Since she had undertaken to show Wahaska precisely how to deport itself in the conventional field, Miss Grierson took a maid and a chaperon with her when she went to Florida. But when she returned in April, the maid had been left behind to marry the gamekeeper of one of the millionaire estates on Lake Worth, and little Miss Matthews, the ex-seamstress chaperon, had been dropped off in Illinois to visit relatives.

This is how it chanced that Margery, unwilling to set the Wahaskans a bad example, had telegraphed her father to meet her in St. Louis. Also, it shall account as it may for the far-reaching stroke of fate which seated the Griersons at Griswold's table in the Hotel Chouteau café, and afterward made them his fellow travellers in the north-bound sleeping-car Anita.

When Jasper Grierson travelled alone he was democratic enough to be satisfied with a section in the body of the car. But when Margery's tastes were to be consulted, the drawing-room was none too good. Indeed, as it transpired on the journey northward from St. Louis, the Anita's drawing-room proved to be not good enough.

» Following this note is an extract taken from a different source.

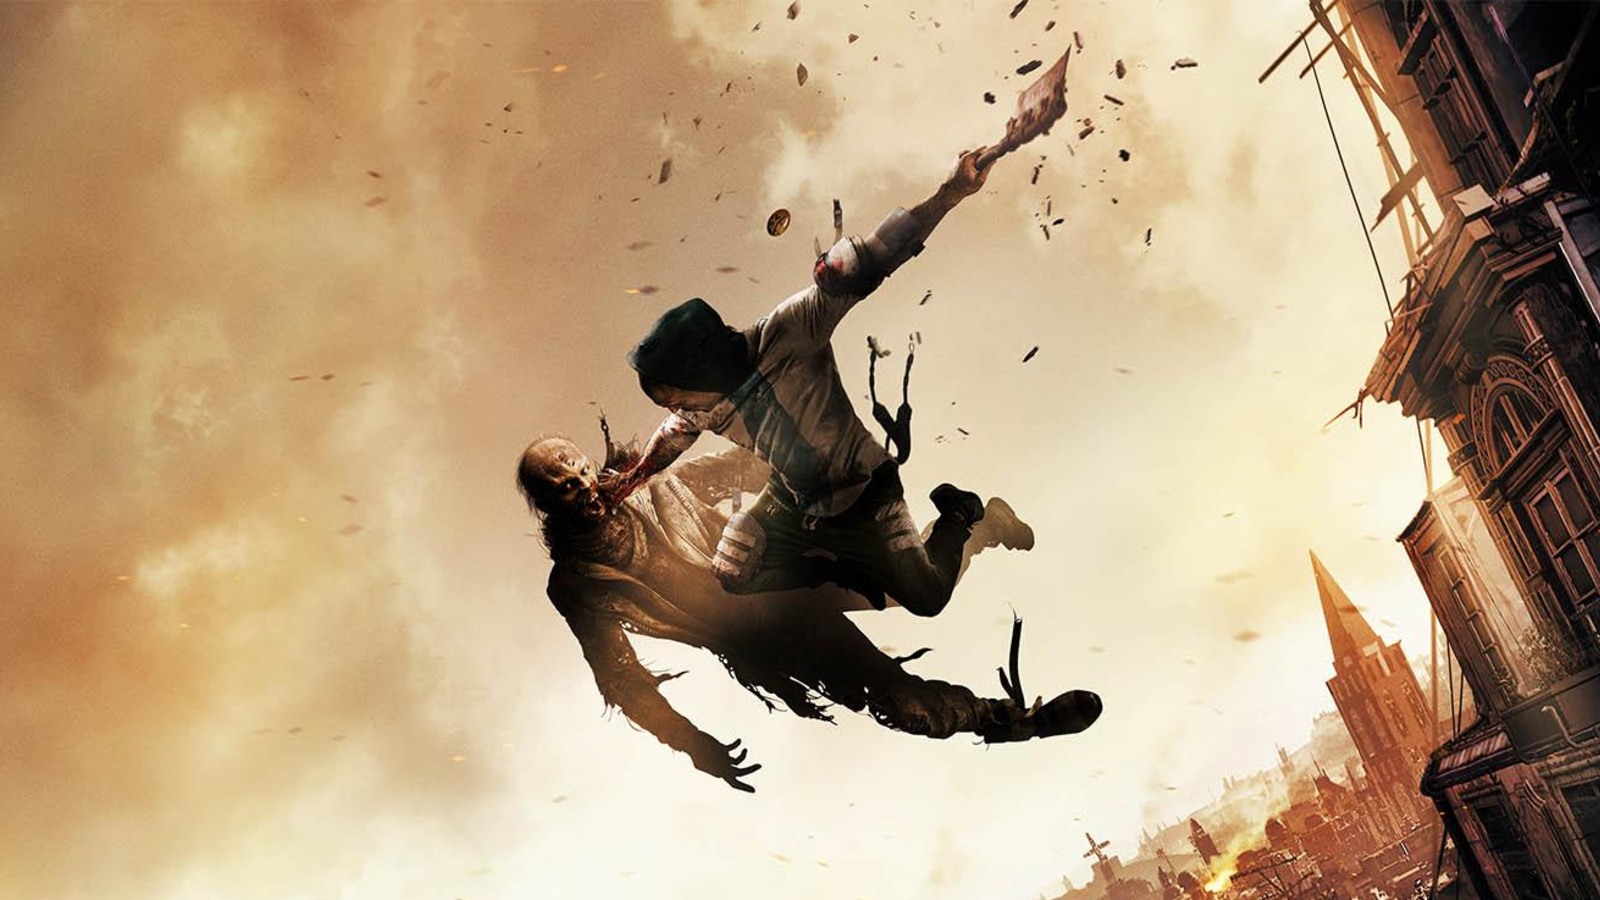 Review: 'Dying Light 2' builds on gameplay, but with so-so story

"It is simply a crude insult, the way they wear out their old, broken-down cars on us up here!" she was protesting to her father, when they came back from the late dining-car breakfast. "You ought to do something about it." Miss Margery was at the moment fresh from "Florida Specials" and the solid-Pullman vestibuled luxuries of eastern winter travel.

Jasper Grierson's smile was a capitalistic acquirement, and some of his fellow-townsmen described it as "cast-iron." But for his daughter it was always indulgent.

"I don't own the railroad yet, Madgie; you'll have to give me a little more time," he pleaded, clipping the tip from a black cigar of heroic proportions and reaching for the box of safety matches.

"I'll begin now, if you are going to smoke that dreadful thing in this stuffy little den," was the unfilial retort; and the daughter found a magazine and exchanged the drawing-room with its threat of asphyxiation for a seat in the body of the car.

For a little while the magazine, or rather the pictures in it, sufficed for a time-killer. Farther along, the panorama of eastern Iowa unrolling itself beside the path of the train served as an alternative to the pictured pages. When both the book and the out-door prospect palled upon her, Miss Margery tried to interest herself in her immediate surroundings.

The material was not promising. Two old ladies dozing in the section diagonally across the aisle, four school-girls munching chocolates and restlessly shifting from seat to seat in the farther half of the car, and the conductor methodically making out his reports in the section opposite, summed up the human interest, or at least the visible part of it. Half-way down the car one of the sections was still curtained and bulkheaded; and when Miss Grierson curled up in her seat and closed her eyes she was wondering vaguely why the porter had left this one section undisturbed in the morning scene-shifting.

The northward-flying train was crossing a river, and the dining-car waiter was crying the luncheon summons, when Margery awoke to realize the comforting fact that she had successfully slept the forenoon away. With the eye-opening came a recurrence of the last-remembered waking thought—the wonder why the curtained section was still undisturbed. When she was leaving the Anita with her father, the explanation suggested itself: of course, the occupant of the middle section must be ill.